Given records:

________________________________________

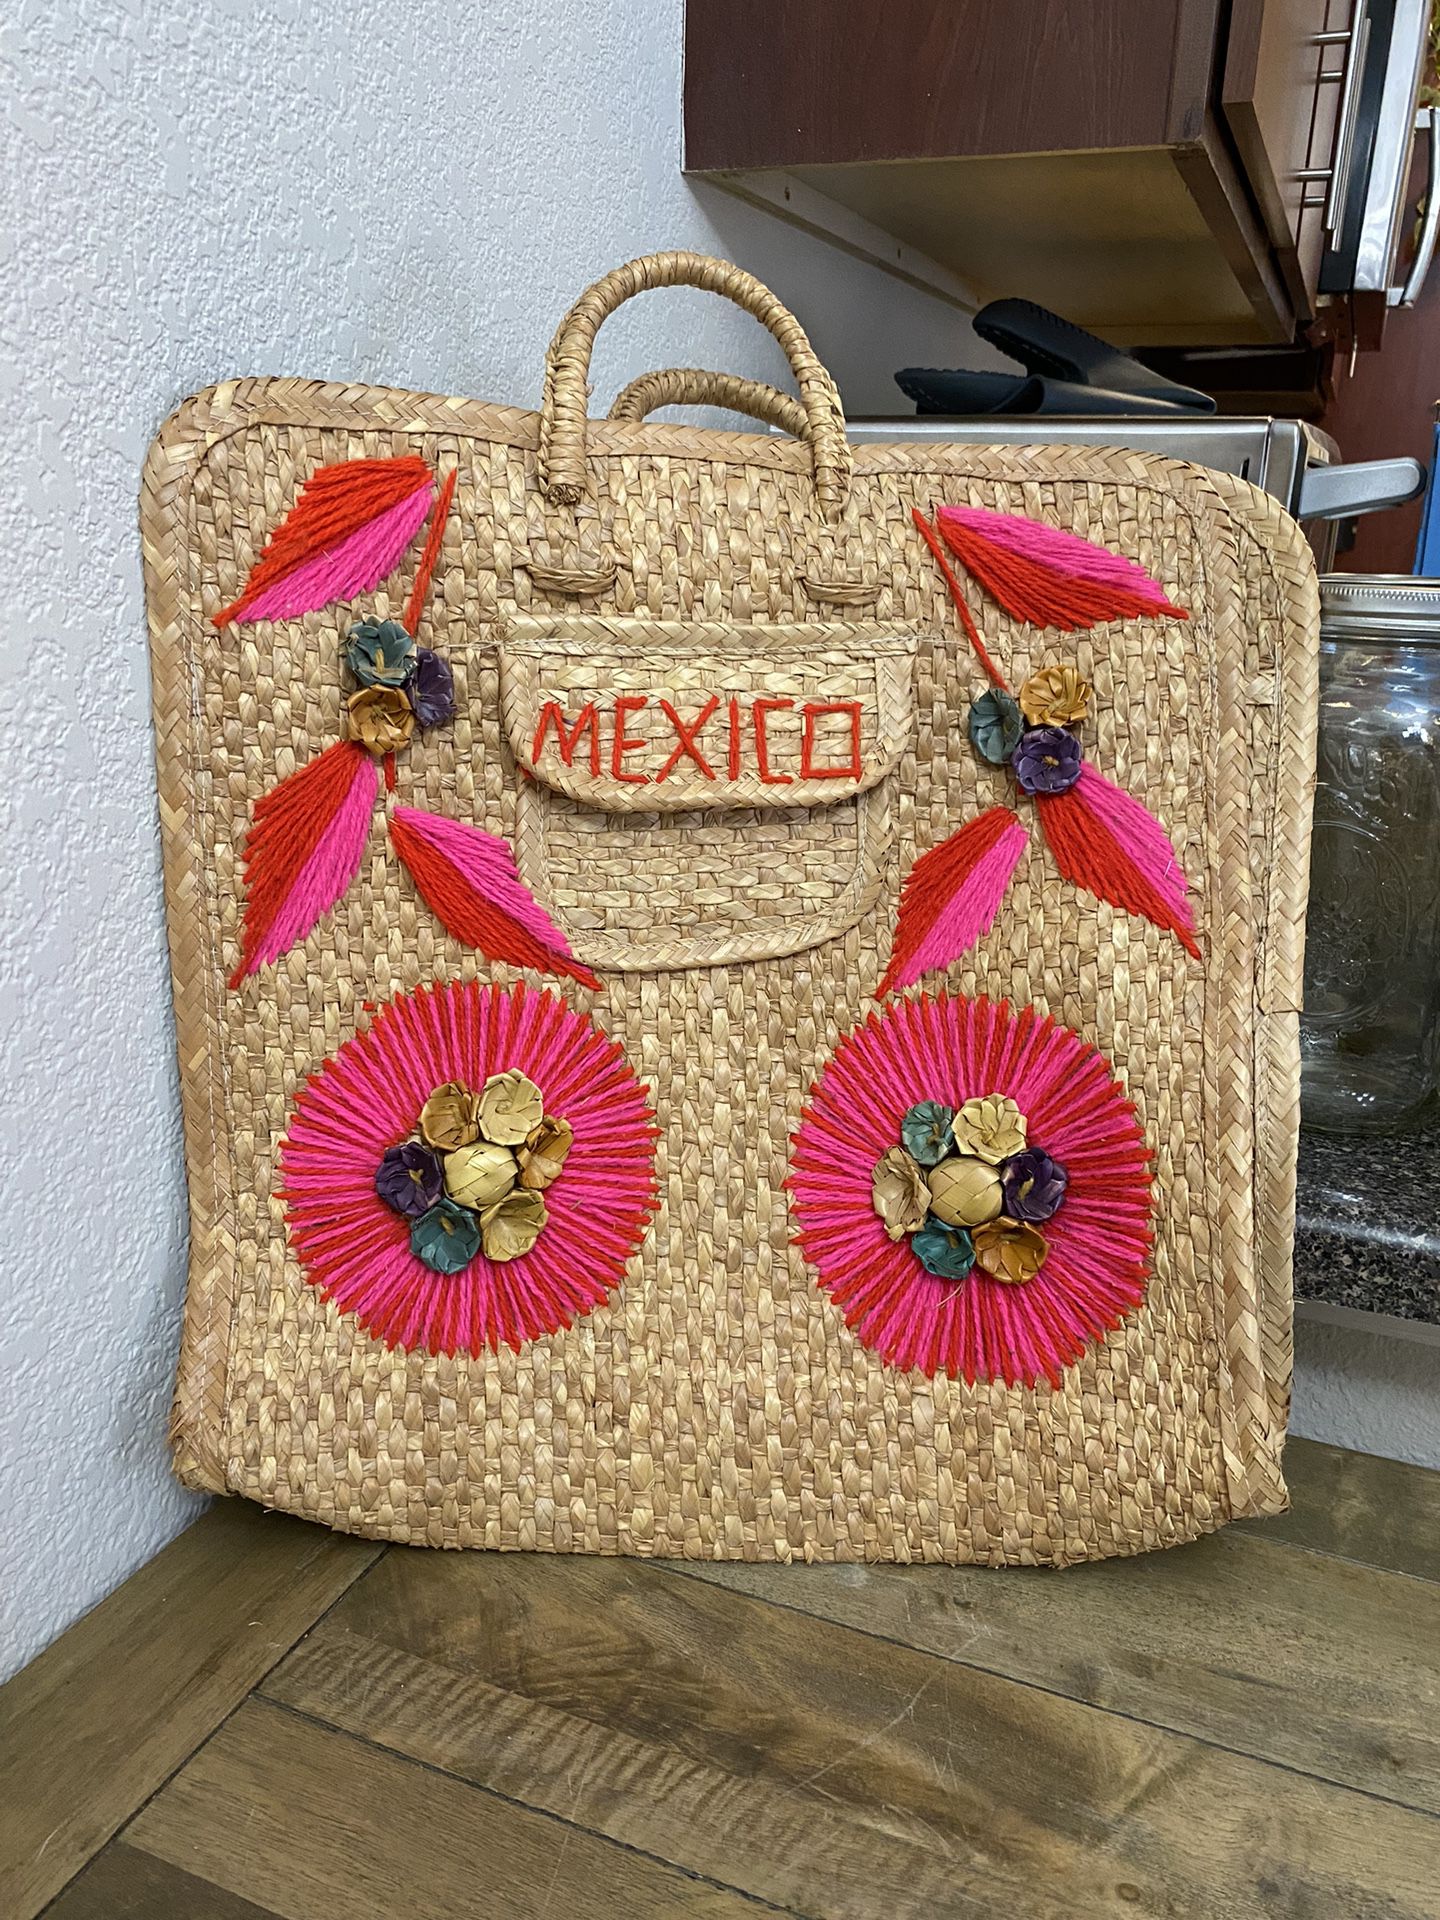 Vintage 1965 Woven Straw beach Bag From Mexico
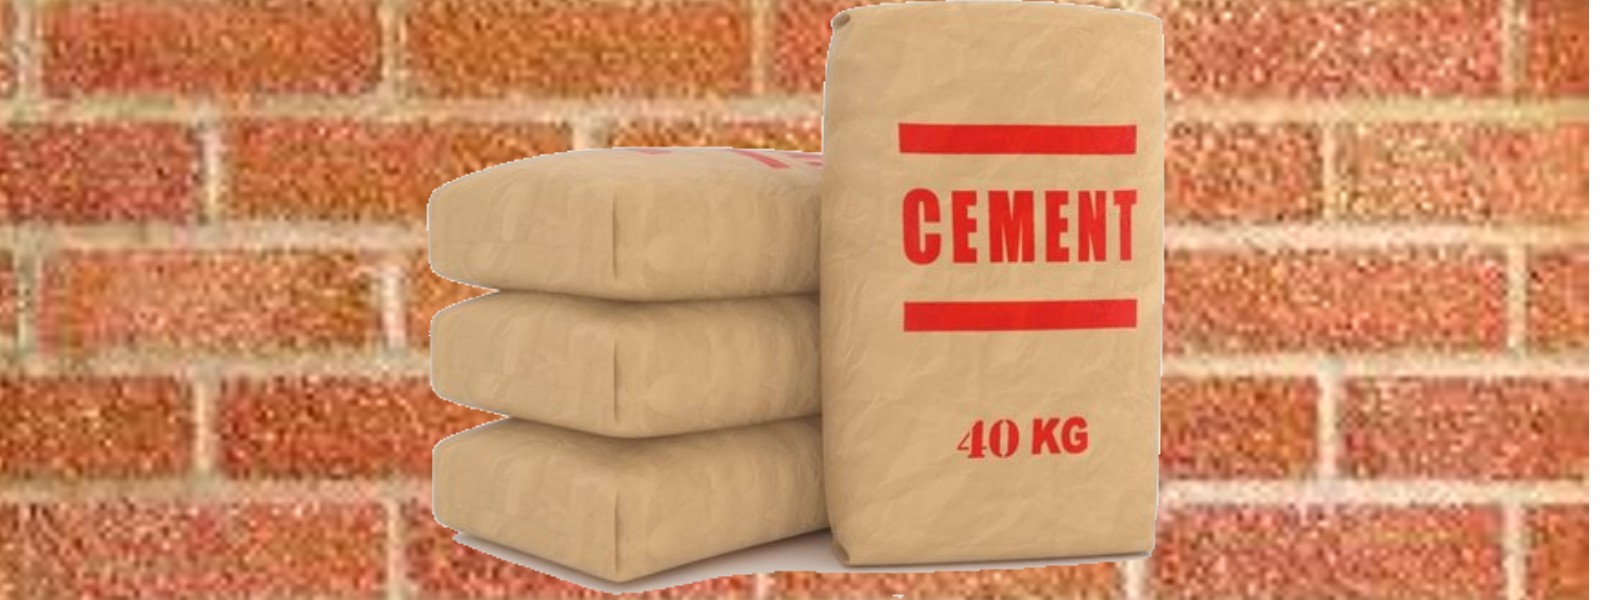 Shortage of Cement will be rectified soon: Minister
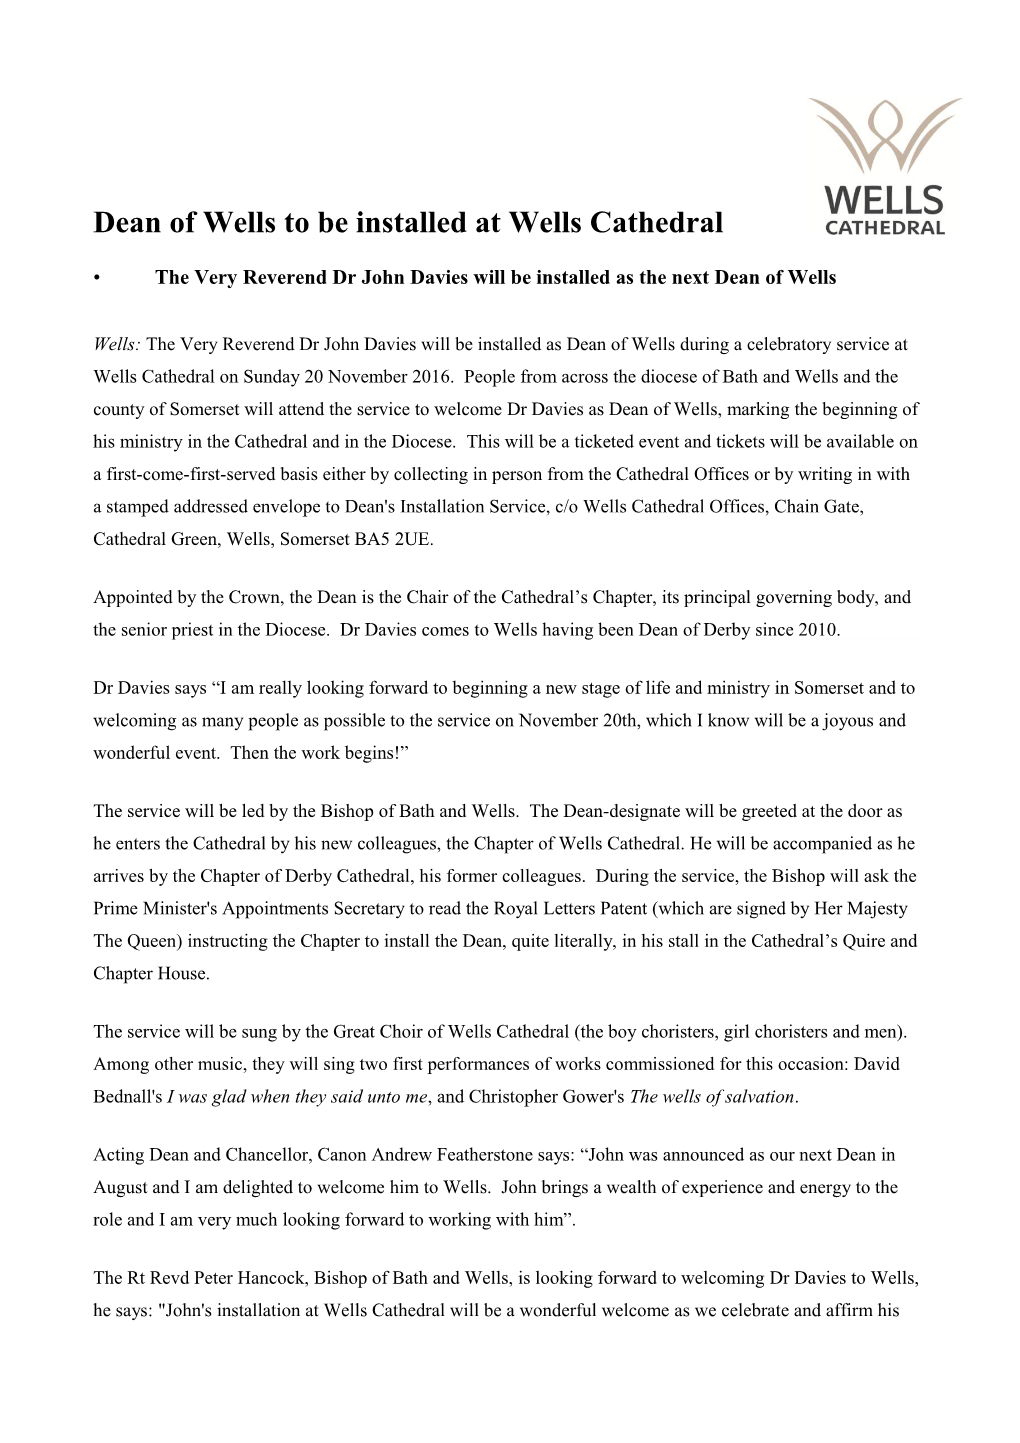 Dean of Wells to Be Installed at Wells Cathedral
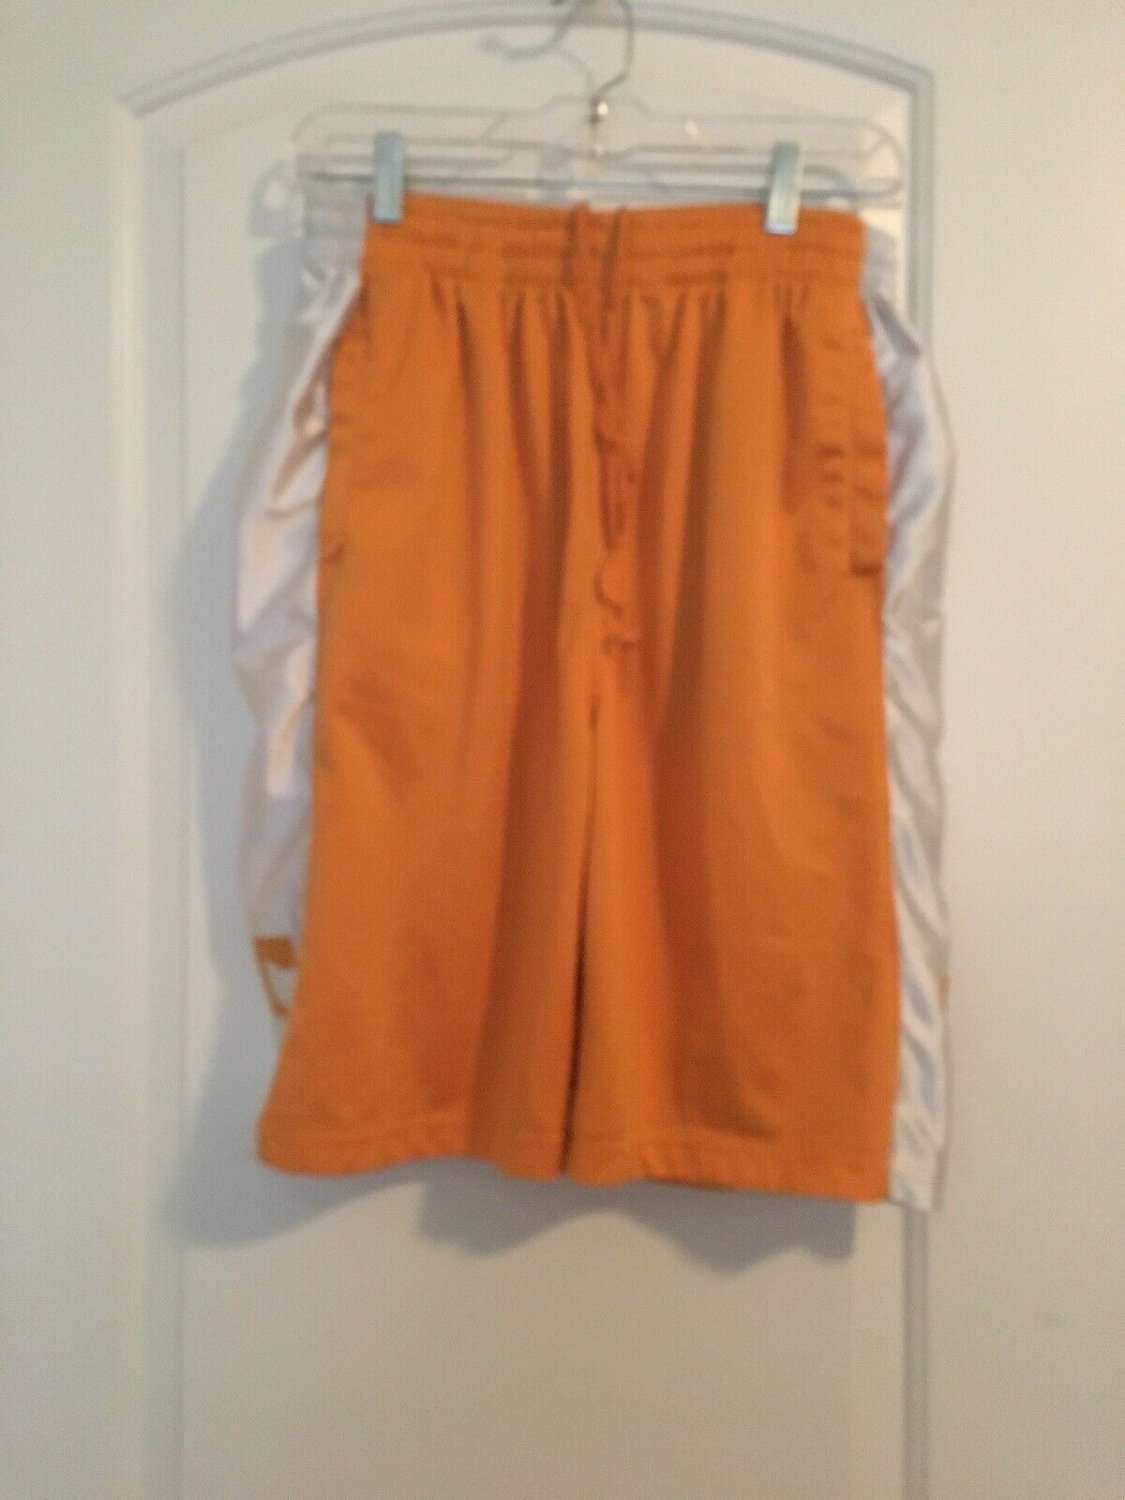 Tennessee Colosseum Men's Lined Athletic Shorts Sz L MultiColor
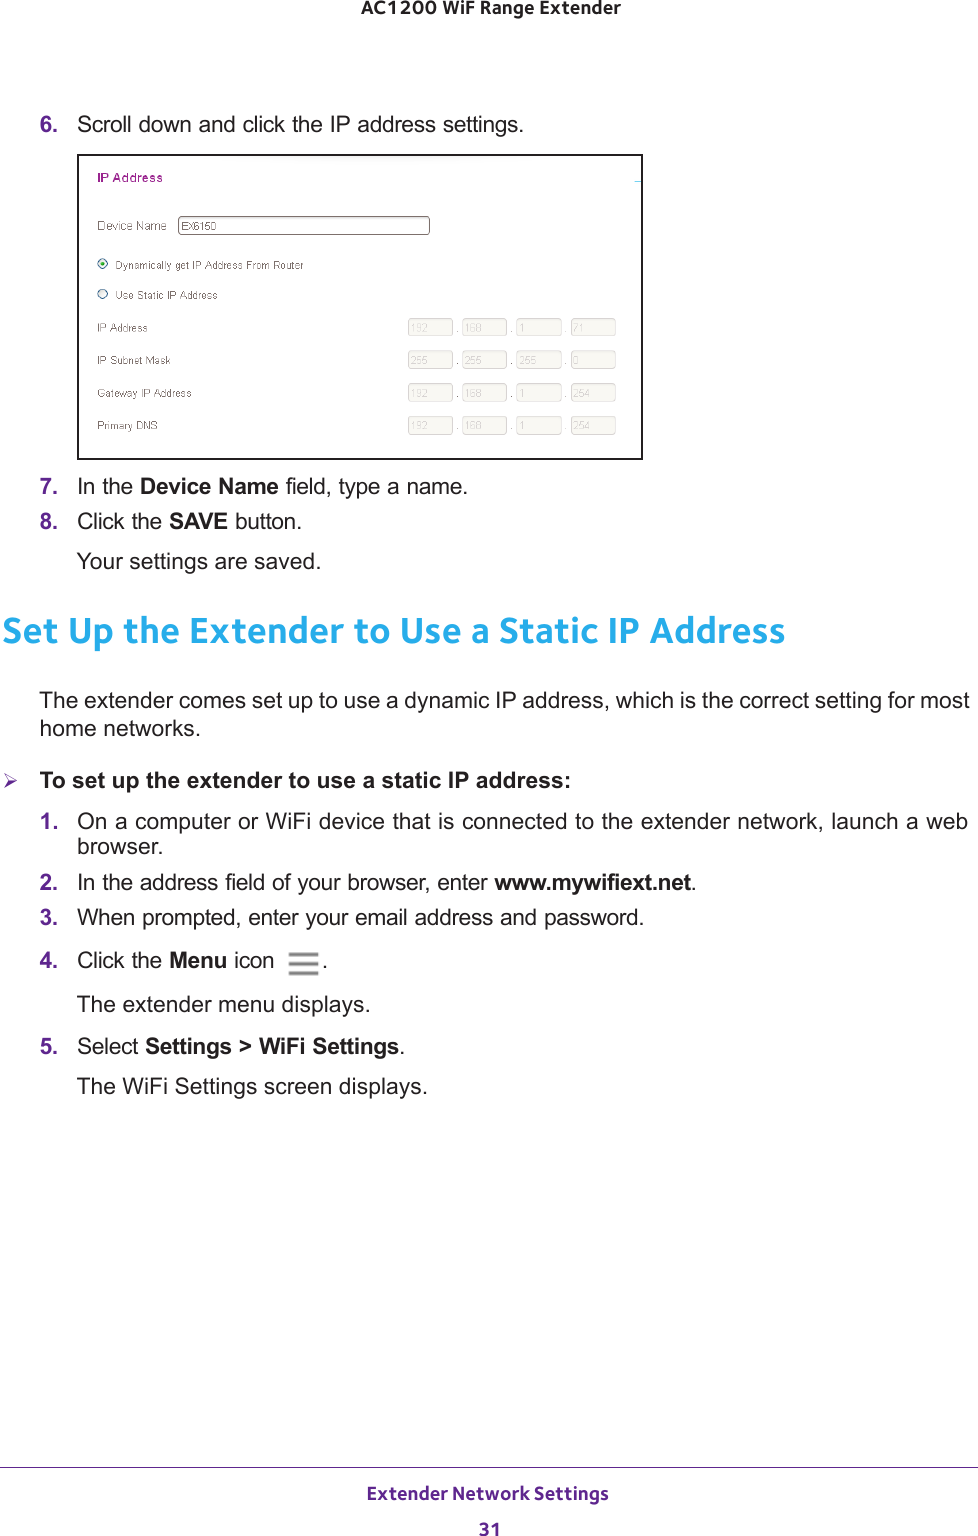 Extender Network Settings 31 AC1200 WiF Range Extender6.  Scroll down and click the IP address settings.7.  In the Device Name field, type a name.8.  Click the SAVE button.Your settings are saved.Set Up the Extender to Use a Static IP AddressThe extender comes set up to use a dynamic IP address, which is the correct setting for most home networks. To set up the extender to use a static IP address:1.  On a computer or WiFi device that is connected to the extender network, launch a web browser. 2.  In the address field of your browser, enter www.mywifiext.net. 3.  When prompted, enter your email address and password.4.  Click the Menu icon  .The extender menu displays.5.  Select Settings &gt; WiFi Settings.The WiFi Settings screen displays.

________________________________________

Task statement: What is needed is an exact copy of the lines above, from the one holding "Shortage of Cement" down to the one holding "Tennessee Colosseum Men's", with those two included and the pictures left out.

Result for this exercise:
 Shortage of Cement will be rectified soon: Minister
 Dean of Wells to Be Installed at Wells Cathedral
 Tennessee Colosseum Men's Lined Athletic Shorts Sz L MultiColor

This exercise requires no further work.